The effects of forced migration are also challenging for the receiving societies. At the same time human beings have an unexpected resilience capacity and much refugee help and community work is taking place, on many levels and in many areas of need.

Proportionally a big number of refugees from the Middle East have an ethno-religious minority background, such as Assyrians (including the different branches), Armenians, Mandaeans, and Yazidis. In some cases their numbers in Iraq and Syria have gone down with 80%. These vulnerable groups, being politically marginalised and less resourceful in terms of political power, have been targeted by many and different violent groups.

They have been confronted with different forms of persecution, such as expulsions from their houses, imposing the Jizya tax, or conversion to Islam, became victims of mass raids, kidnappings, killings and destruction of their cultural heritage.

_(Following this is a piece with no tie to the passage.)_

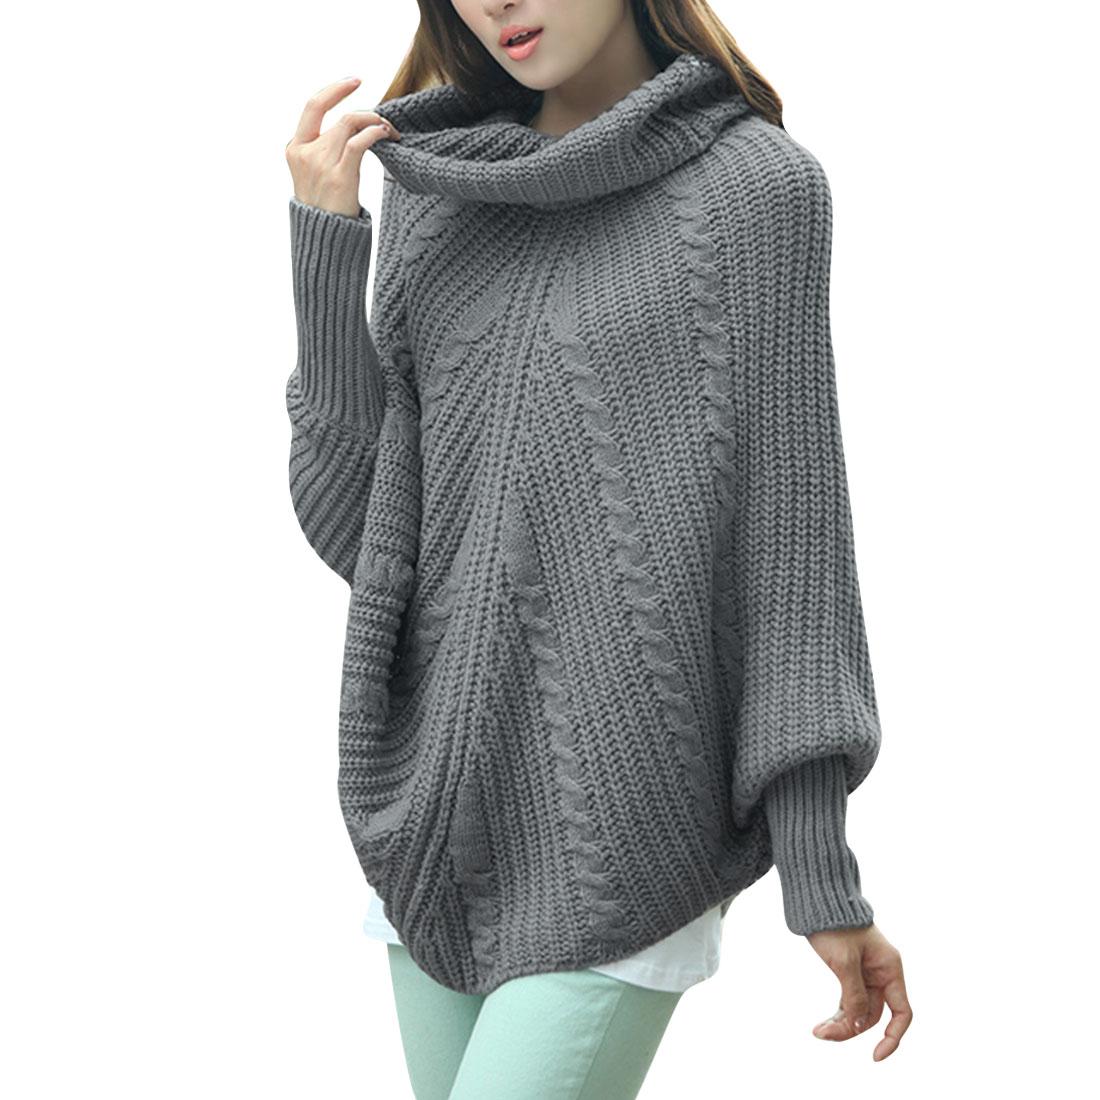 Women Batwing Sleeved Turtle Neck Dark Gray Knit Tunic Sweater S

This added to their collectively experienced suffering resulting from earlier similar forms of persecution, for example the genocide of Assyrians in 1915, massacres and persecutions before and during the Saddam regime, and their en mass emigration resulting in becoming uprooted from their historical homelands.

Based on research among these populations, we conclude that the presence of discourses of having become uprooted and fearing cultural extinction is embedded in individual and collective narratives and that these narratives and meaning systems influence adaptive responses and help-seeking behaviour today in their new host countries. The same groups fear for their extinction and associate today’s sufferings with past experiences. We argue that this manner of being is produced and reproduced throughout migration and is a core narrative for comprehending the current existence of these groups in Western countries.

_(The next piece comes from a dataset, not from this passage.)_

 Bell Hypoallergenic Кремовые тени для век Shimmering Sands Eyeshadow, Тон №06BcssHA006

This workshop aims to bring researchers, practitioners, community stakeholders and policy makers together in order to
• develop an interdisciplinary discussion and knowledge exchange about the ‘untold’, mainly ignored experiences of minority refugee populations with departure from the case of Assyrian, Armenian, Yazidi and Mandaean refugees;
• form a highly needed international network among researchers working on these and similar topics
• establish dialogue channels between the scientific community, practitioners, community organizations and policy makers.

The organizers invite researchers, practitioners, and policy makers to present their latest studies and partake in discussions on these or similar themes, delaminated to vulnerable refugee populations:
• Traumatic experiences, memory, and uprootedness
• Dealing with displacement, pre- and post-migration
• Fear of extinction
• Resilience and coping mechanisms
• Processes of reconciliation and liberation from past experiences and trauma
• The idea of “return to home”

We invite you to this workshop and ask you to prepare a 20 minutes presentation. The presentations will be organised in different sessions and moderated by an external discussant, who will also chair the sessions. Selected papers presented at this workshop will be considered for publication as individual chapters. Abstracts and full texts need to be written in English.

Those interested are asked to send their abstract of about 500 words to Dr. Önver Cetrez no later than August 15, 2017.

Attach also a short biography and a CV, in total maximum 3 pages.

The organizing team can substitute parts of the travel and accommodation costs for those who can’t cover their own costs. If so, please explain why you need the substitute.

This workshop is financed by Riksbankens Jubileumsfond and will take place at Centre on Global Migration, University of Gothenburg on 22-23 September 2017.

We look forward to hearing from you.